CJ Wood, systems administrator: I’ve tracked the development progress of Windows 10 by participating in the Technical Preview for the past year, where I’ve seen it morph and grow into a solid operating system that Microsoft should be proud of. We finally have one OS that is friendly with the growing world of technology; whether you use a tablet with a touch screen, a desktop with a mouse and keyboard, or a convertible ultrabook—that’s best of both worlds. Regardless of what you use, Windows 10 will adapt to you.

Phase I: Making Windows 10 installation preparations

I decided to wait until September to give Microsoft a month to work out the quirks before taking advantage of my free upgrade. This also gave software developers a chance to make their apps compatible with Windows 10 if they weren’t already.

A clean install is always preferred instead of doing an OS upgrade. Microsoft offers this path for those who are interested but you must first install the upgrade before you’re eligible to do a clean install of Windows 10. This is possible because once you install the upgrade, the information of your motherboard is sent to Microsoft, which allows you to reactivate after you reinstall the OS as Microsoft will identify your hardware ID. So similar to an OEM license, your license is tied to the motherboard. This prevents you from using the same license on another computer as the free upgrade is not transferable.
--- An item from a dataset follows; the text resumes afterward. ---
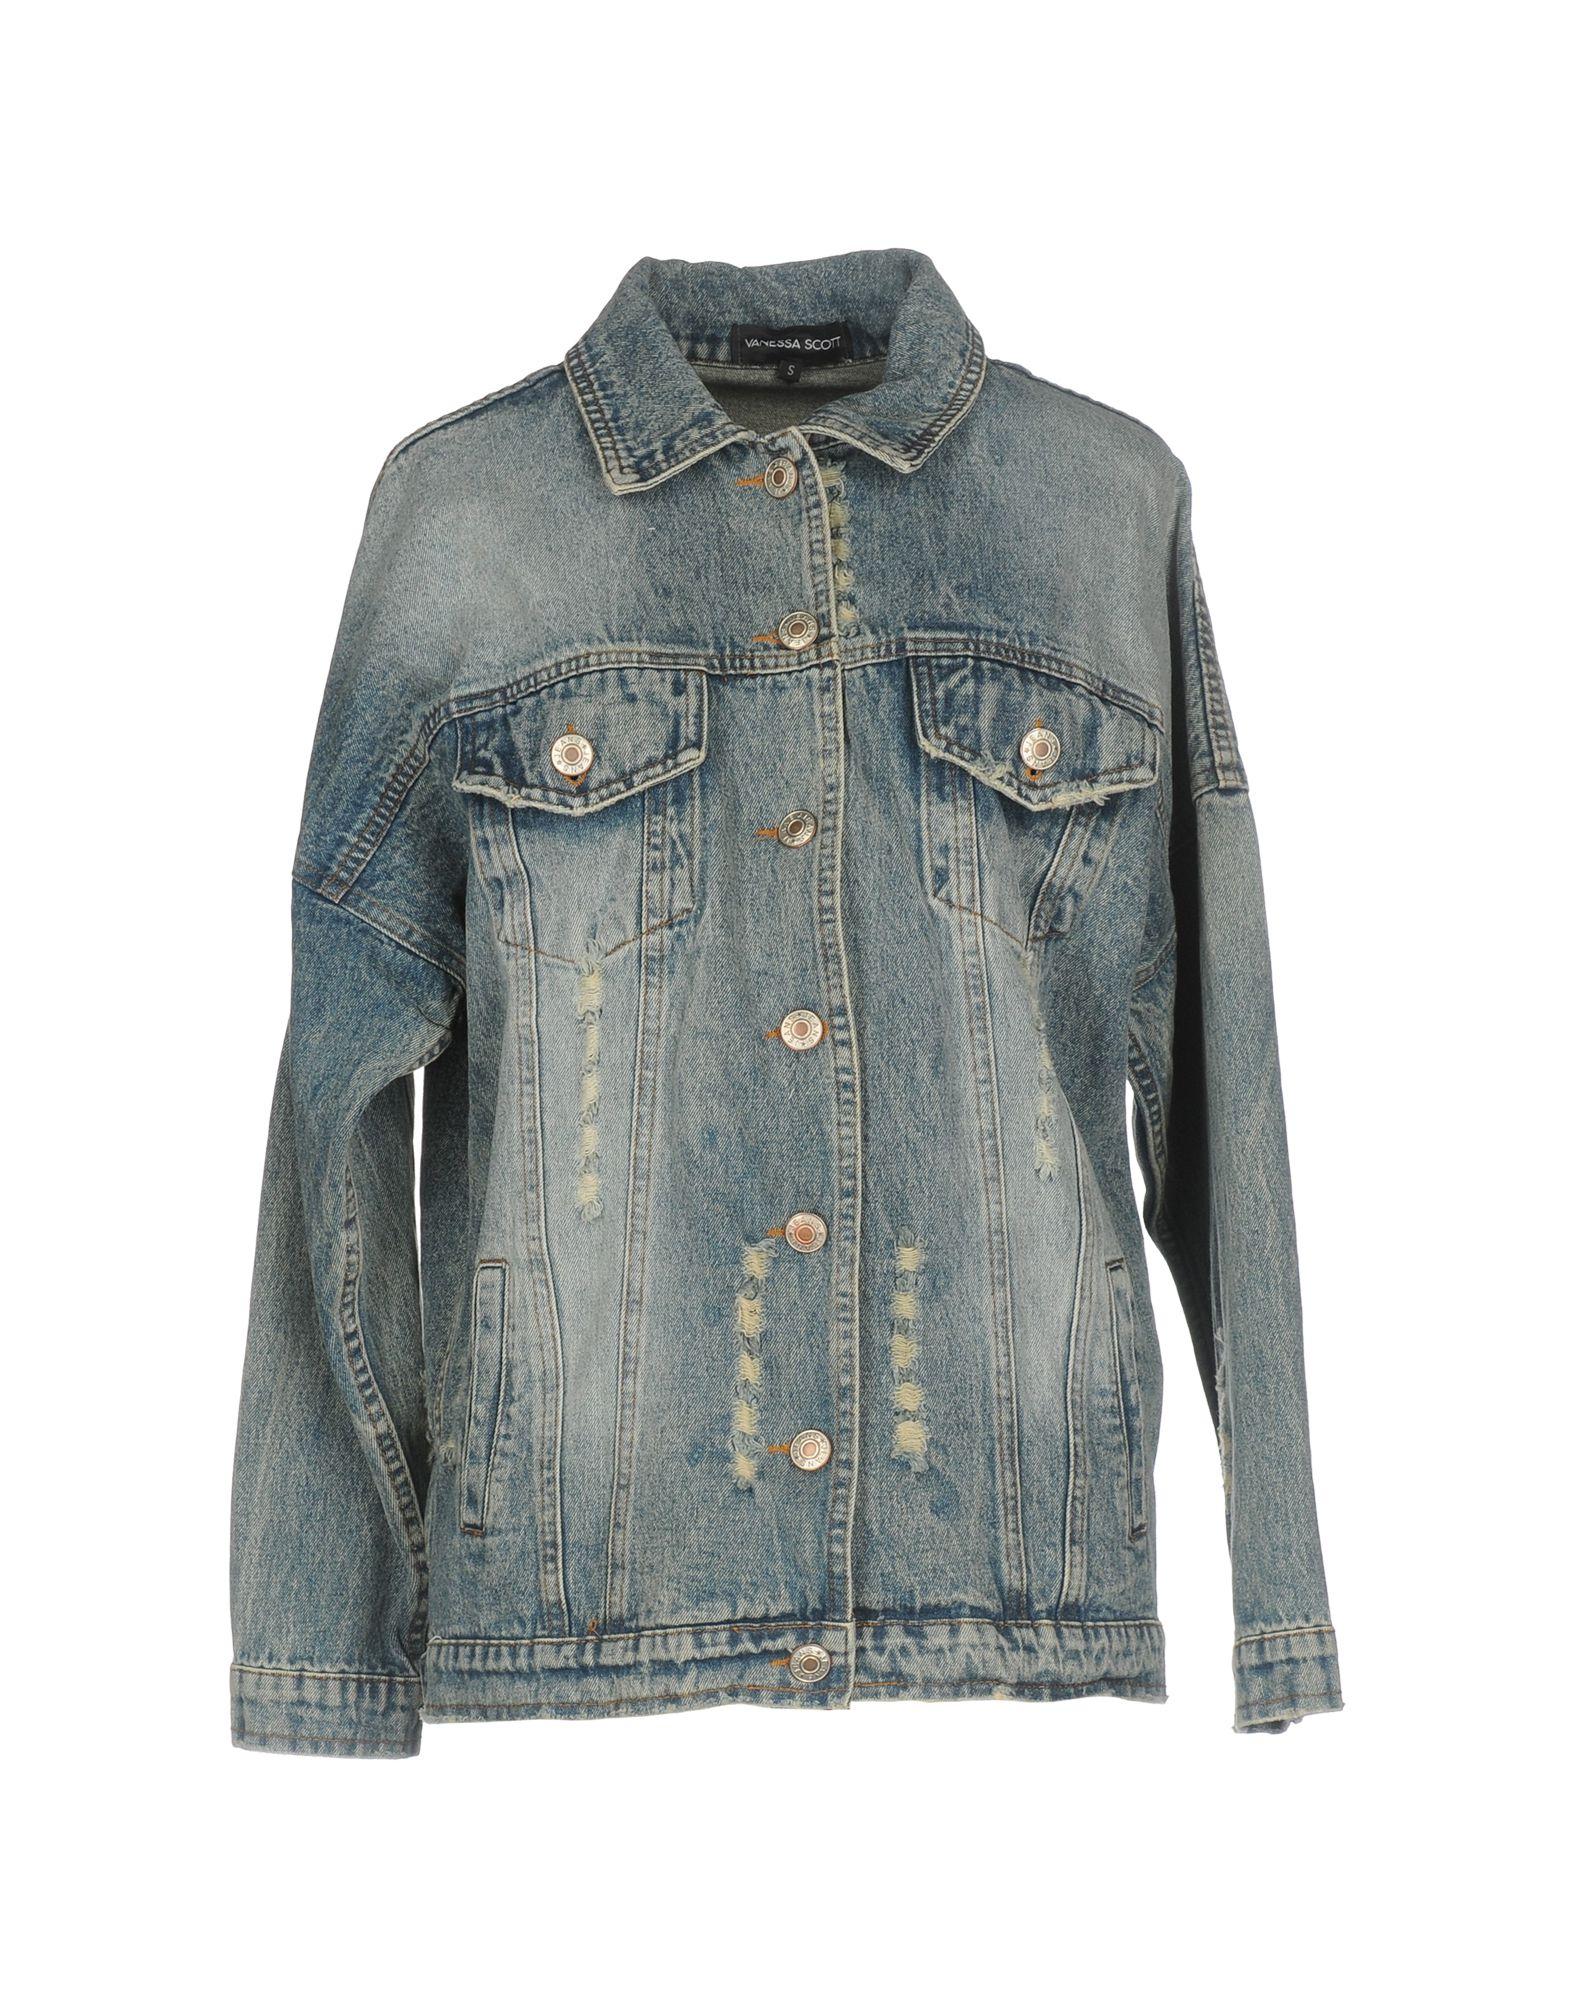 VANESSA SCOTT Джинсовая верхняя одежда represent джинсовая верхняя одежда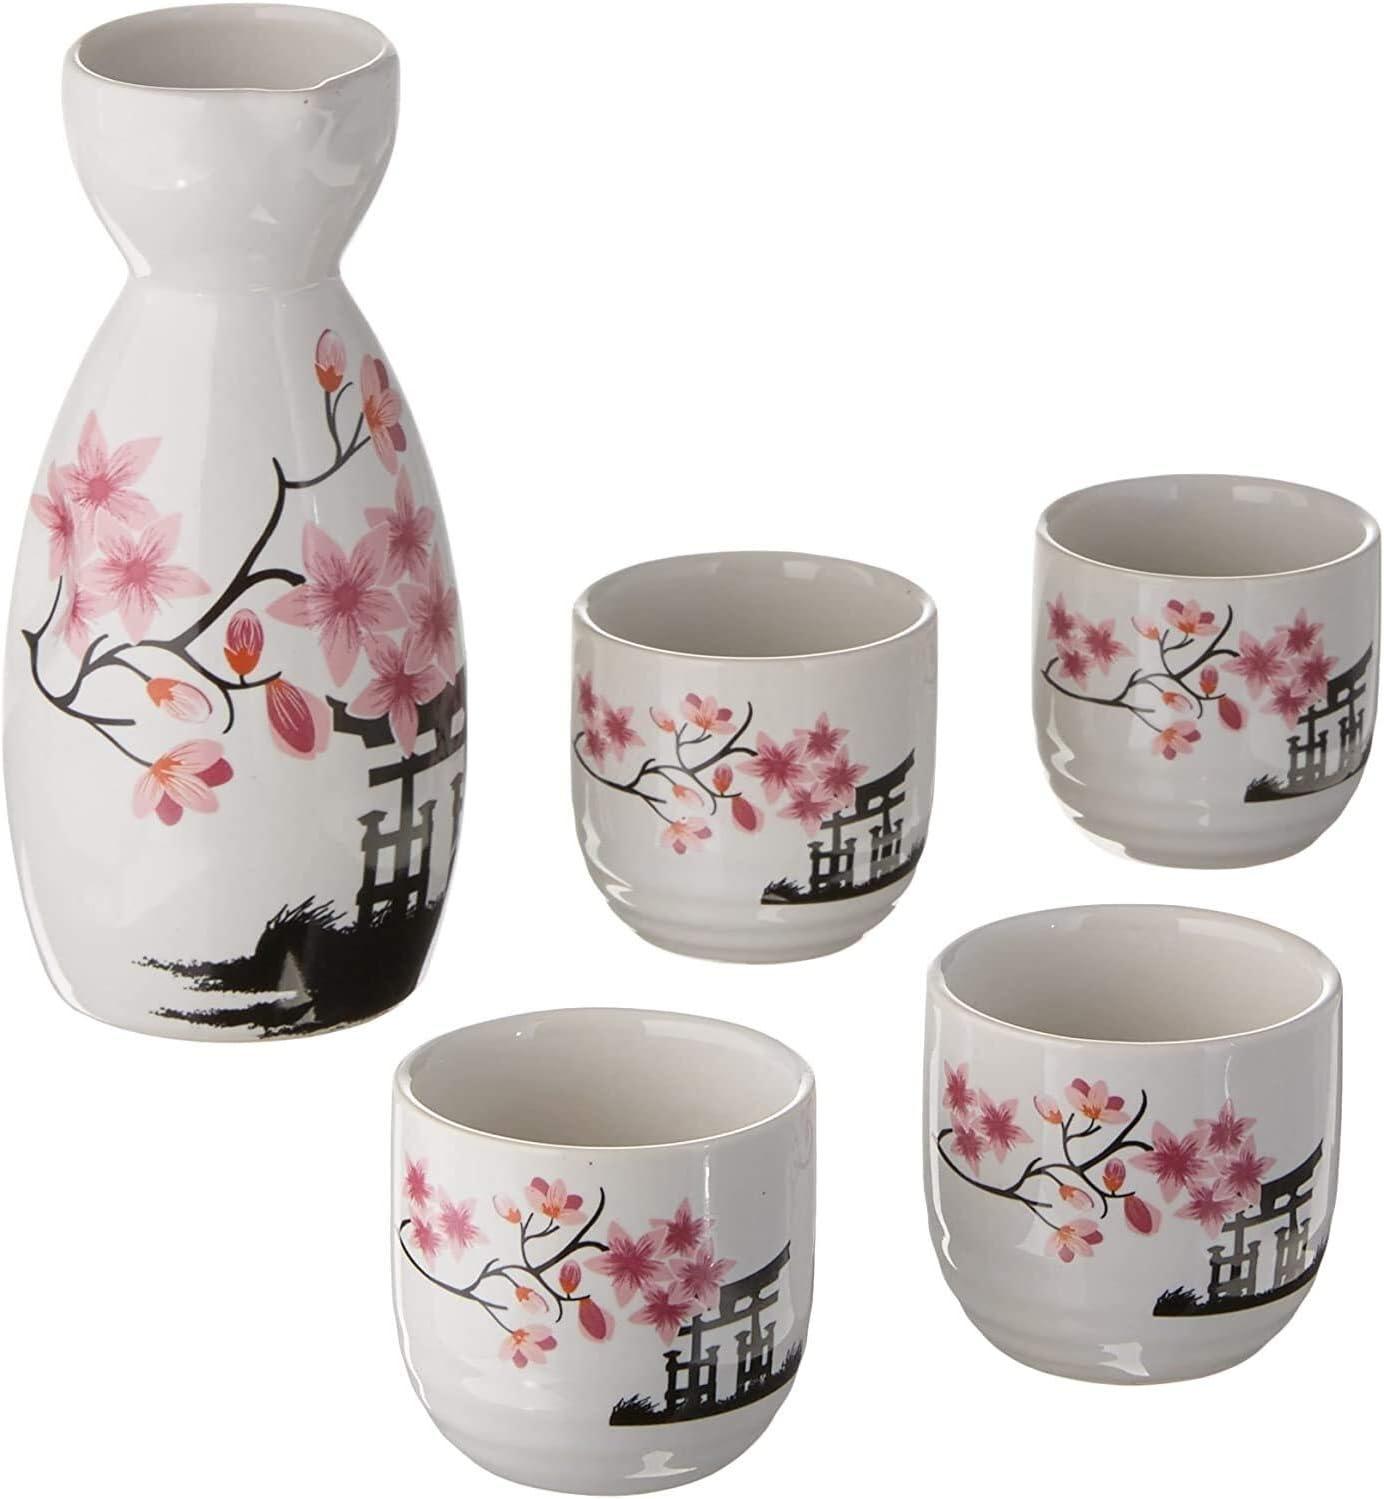 RENFEIYUAN Set de Sake japonés Rosa genérico, Porcelana, Blanco Jarra de Cerveza

The difference between work and home installations

Since my desktop computer at work is joined to a network domain, the GWX application never ran to ask me to reserve Windows 10. This is for good reason as I didn’t have to worry about users in the office upgrading their computers without my discretion. I had to download the ISO for Windows 10 from Microsoft’s site in order to install the upgrade.

If you’re using a computer at home, you’re most likely not joined to a network domain and can easily upgrade to Windows 10 by using the “Get Windows 10” app in your notification tray. However, you will need to download the ISO from Microsoft’s site if you plan to do a clean install later. You will need to check if your operating system is either 32-bit or 64-bit. You can do this quickly by opening System Properties from the Control Panel.

Pro tip: Another way to find System Properties is hold down the Windows key on your keyboard and press the Pause|Break key (you didn’t think it had a purpose, did you?). Under System Type, it will tell you if you have a 32-bit or 64-bit operating system.

burn disk image

Burn Windows 10 ISO onto optical media

The ISO took about an hour to download. I waited until the end of the day to burn the ISO to a DVD using Windows’ built in utility and ran the upgrade. You do not have to boot into the disk to run the upgrade. This will run perfectly booted into Windows. You will only need to boot into the CD/DVD-ROM when you plan to run the clean install.

Pro tip: I enabled the installer to download and install the latest updates to Windows 10 before installing the upgrade, which is a nifty feature that prevents an additional step later. I then selected to keep my apps and folders.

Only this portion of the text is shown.